– Здравствуйте. Женя дома? Я одноклассник.
– Дома-дома. Проходи, как тебя? Проходи, Петя. Женя убирается в своей комнате. И пусть убирается получше! – грозно повысила голос старуха, чтобы её слышали из прихожей.
– Ступай на кухню. – приказала бабка. – Любишь пирожки с яблоками?
– Да.
Я испытал облегчение. Пирожки не суп. Не котлеты. Тем более не каша! Некоторые пичкают детей в обед кашей. Брр!
Вообще, домой к друзьям, лучше в обед не соваться. Родители непременно усадят за стол. И ну шантажировать «Не выйдете, пока все не съедите!». Или начнут подло стравливать «А ну, кто быстрей?!». И ты ешь, а куда маленькому деваться. А сладкие пирожки другое дело!
Сев за стол, получил пару румяных пирожков и компот. Расправился с угощением в пять минут. Тут же получил еще. Бабка была здорова печь!
Едва доел пирожок до половины, как появилась красивая девочка моих лет. Одиннадцать, не больше. Она была очень угрюма и оттого еще краше. Я позабыл жевать: такие у нее голубые глаза и вздернутый носик. «Женькина сестра» – смекнул я, хотя прежде ее не видал.
Ожгла глазами, не здороваясь, небрежно села напротив и получила порцию известного укора в пику аппетиту.
– Посмотри, как мальчик хорошо кушает! – попеняла девчонке старуха, а меня погладила по голове. – Летчиком будет, героем СССР.
Я-то хотел космонавтом, трижды героем, но я все равно почуял превосходство над противником. Этим бы все и кончилось, но лишь бабка вернулась к плите, как девчонка показала мне длинный язык и оттопырила уши.
«Ах, так!» – вспыхнул я, и забил в рот оставшуюся половину пирожка. Едва проглотил. Выступили слезы, девчонка красноречиво покрутила у виска пальцем.
Тут же, со словами: – Кушай-кушай, деточка. – мне подкинули еще горяченьких.
На это «деточка» девчонка беззвучно трясется, картинно схватившись за тощий живот, скачут её глаза и плечи. Ей в дурдом: на руках бы носили.
Я беру пирог, кусаю, насколько хватает рта. Пара взмахов челюстью, глотаю. Девчонка кушает помаленьку и не сводит с меня насмешливого взгляда. Глазищи ее обидно не мигают. Женька, дурак, все не идет. Пирожки съедены.
– А вот с пылу с жару! – все мечет и мечет старуха.
Я уже набит пирожками, но не сдаюсь. На седьмом пирожке, у девчонки сползла с лица улыбка.
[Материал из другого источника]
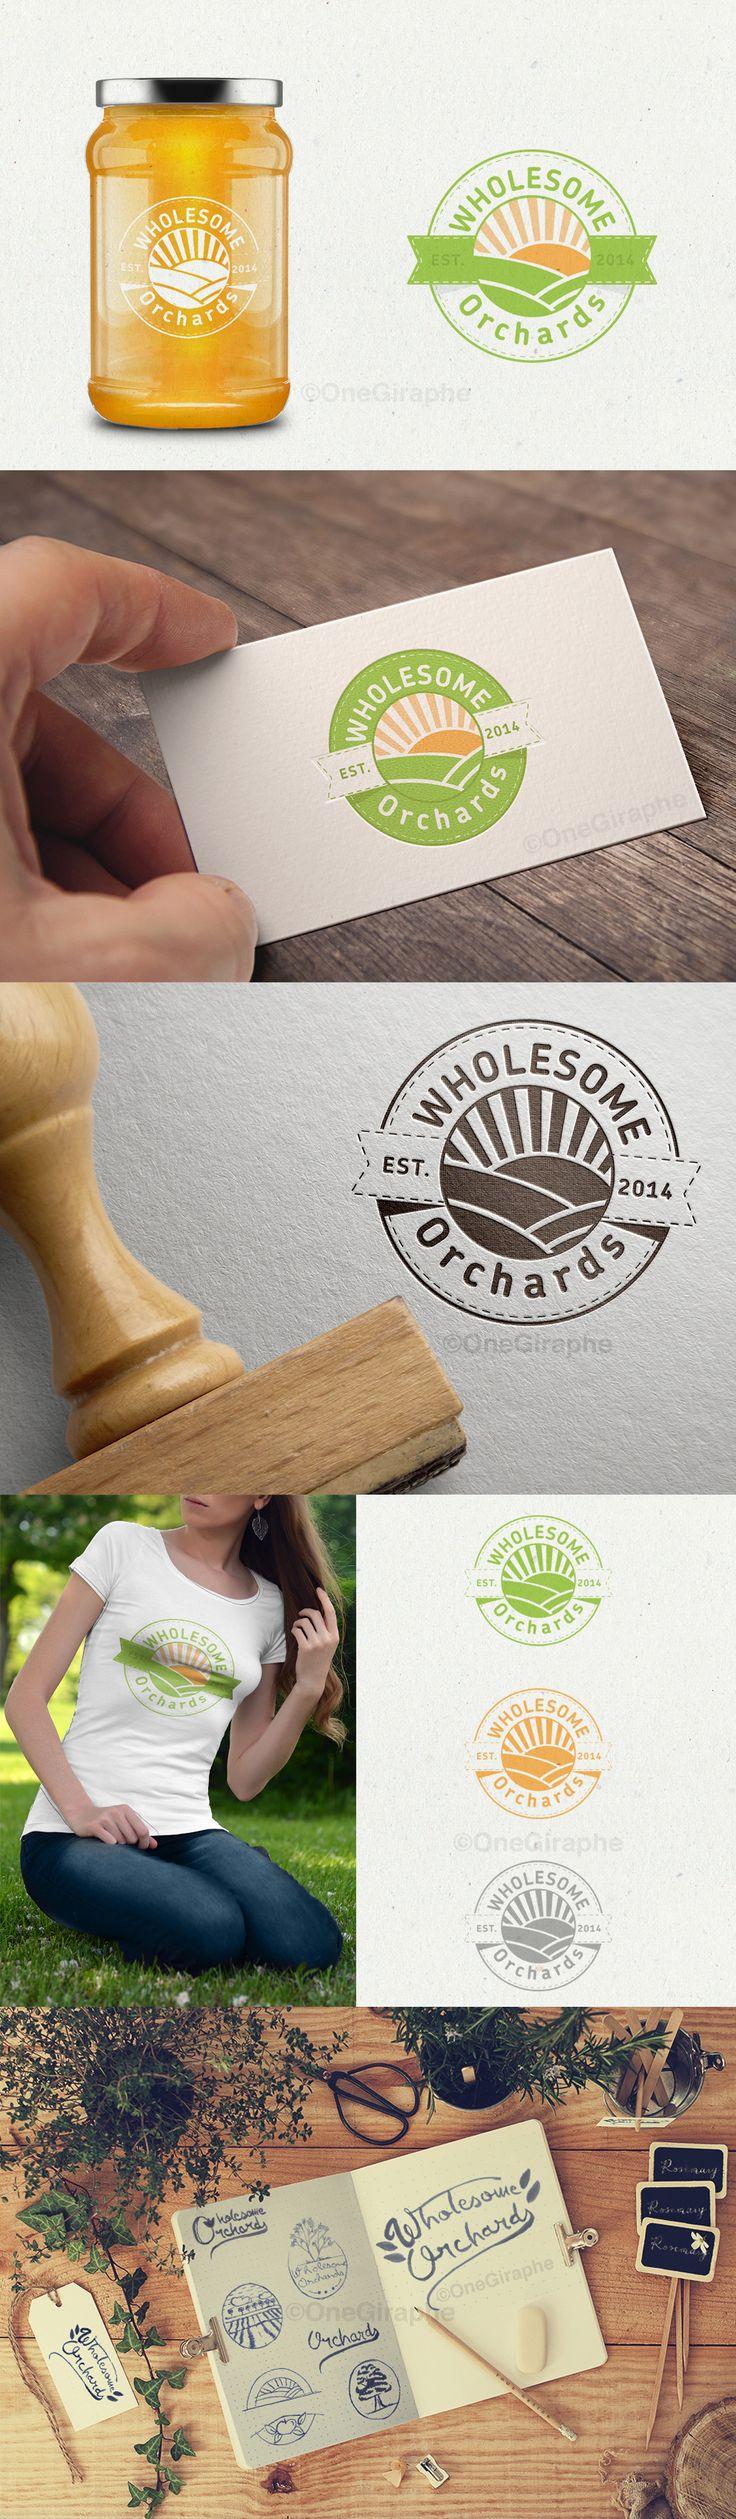 CREATING A LOGO...  #logodesign #creatingalogo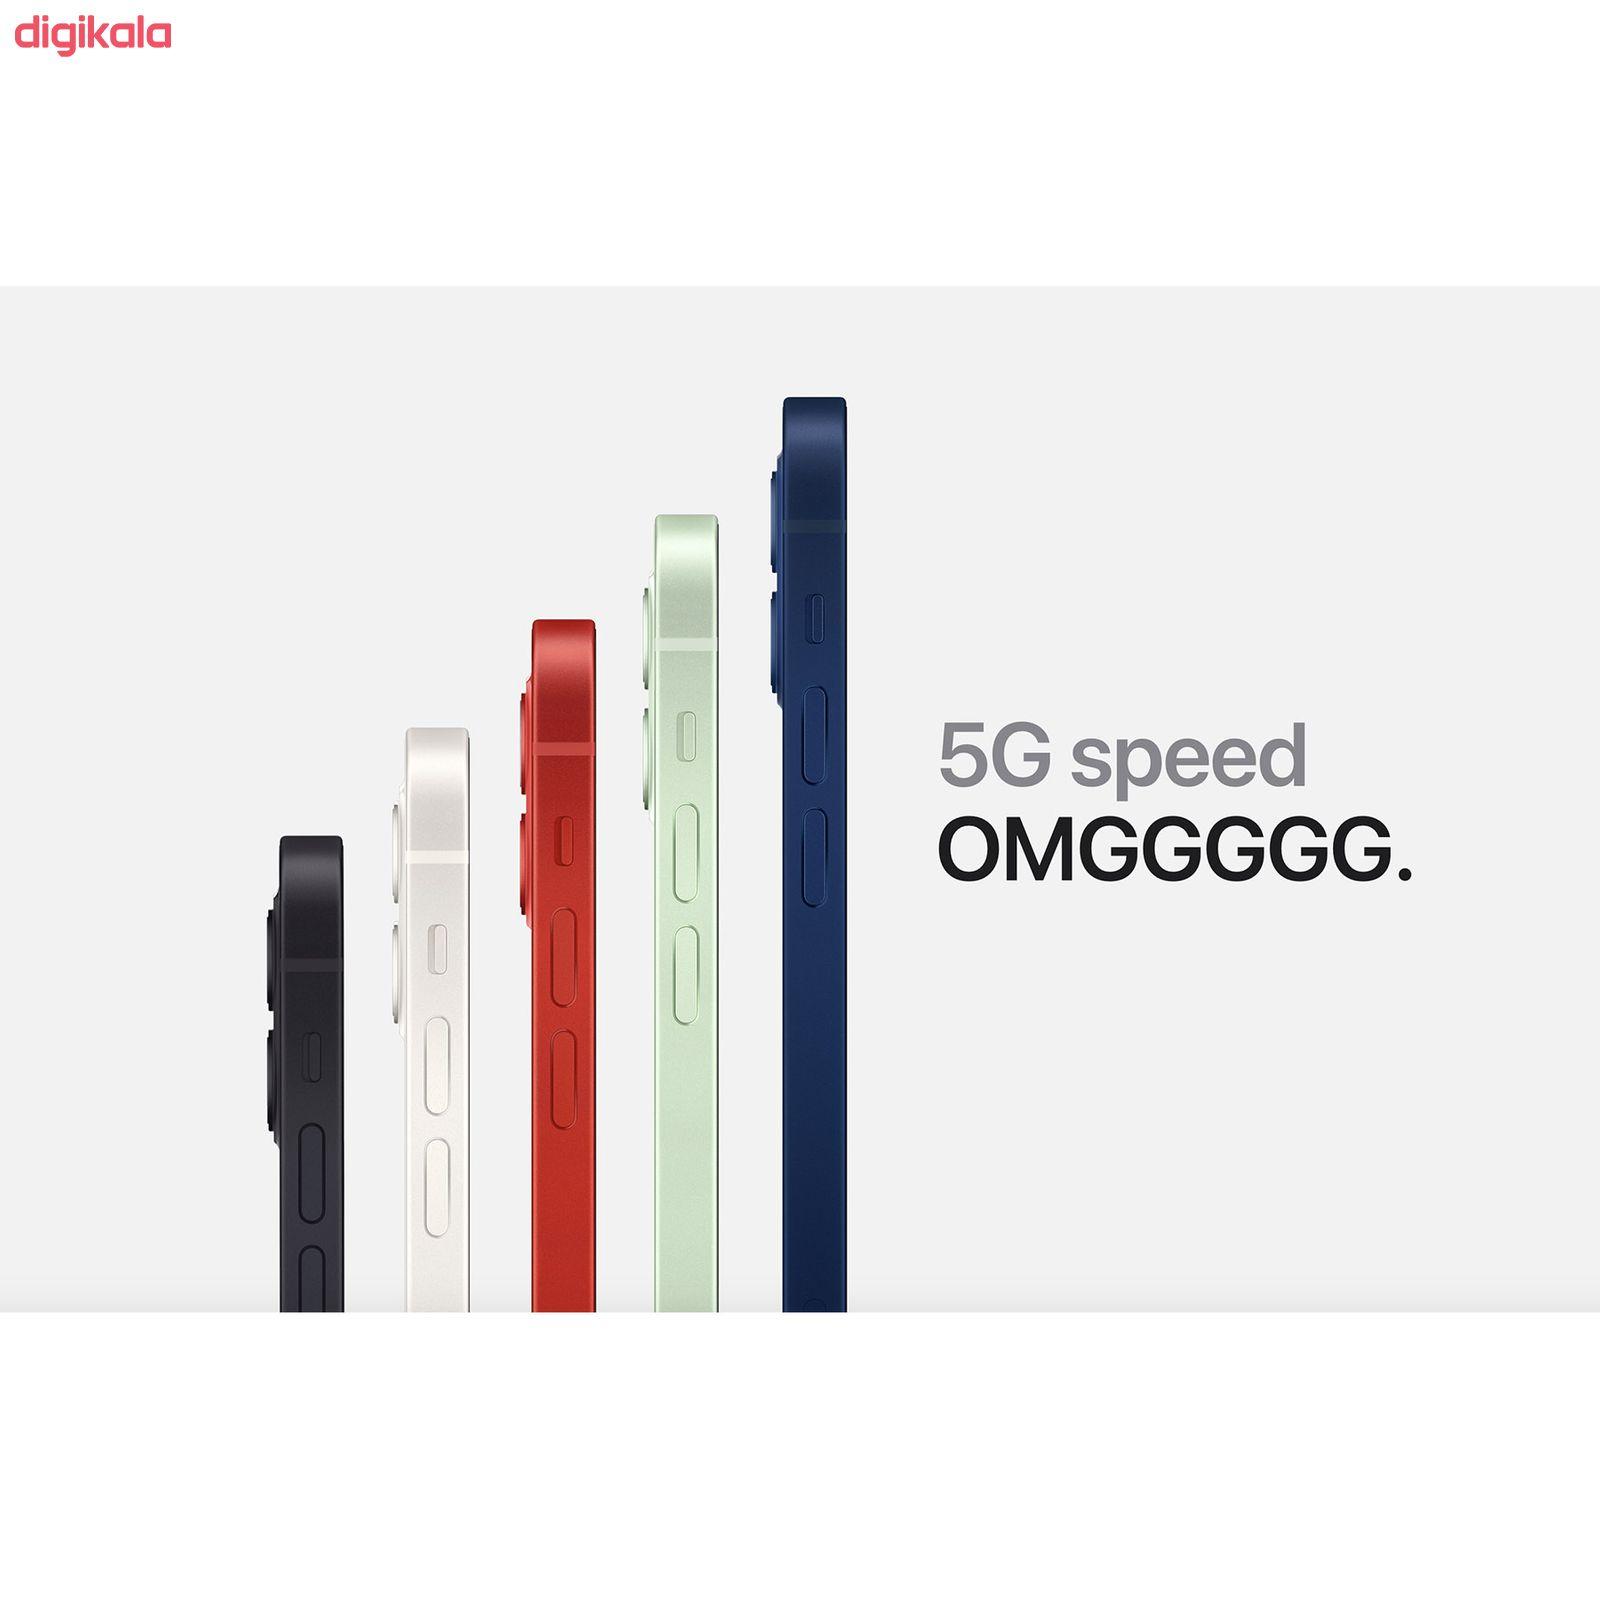 گوشی موبایل اپل مدل iPhone 12 A2404 دو سیم کارت ظرفیت 128 گیگابایت  main 1 6

На девятом она со страхом глядит на меня. Победа. Победа не радует.
– Глянь, как хорошо кушает твой одноклассник! – призывает бабка девчонку. – А ты?
– Он не мой. – мрачно говорит та.
– А чей же? – хохотнула старуха.
– Не знаю. Дурачок какой-то…
– Вот я тебе по губам! А ну извинись! – прикрикнули на неё.
– Извините, конечно. – фыркнула девчонка. – Но я его не знаю. Откуда он вообще?
И отвернулась, только косы взлетели. Пауза.
– Мальчик, ты кто? – после стольких скормленных мне пирогов, осторожно интересуется бабка и тычет лопаткой в девчонку: – Ты Женю знаешь?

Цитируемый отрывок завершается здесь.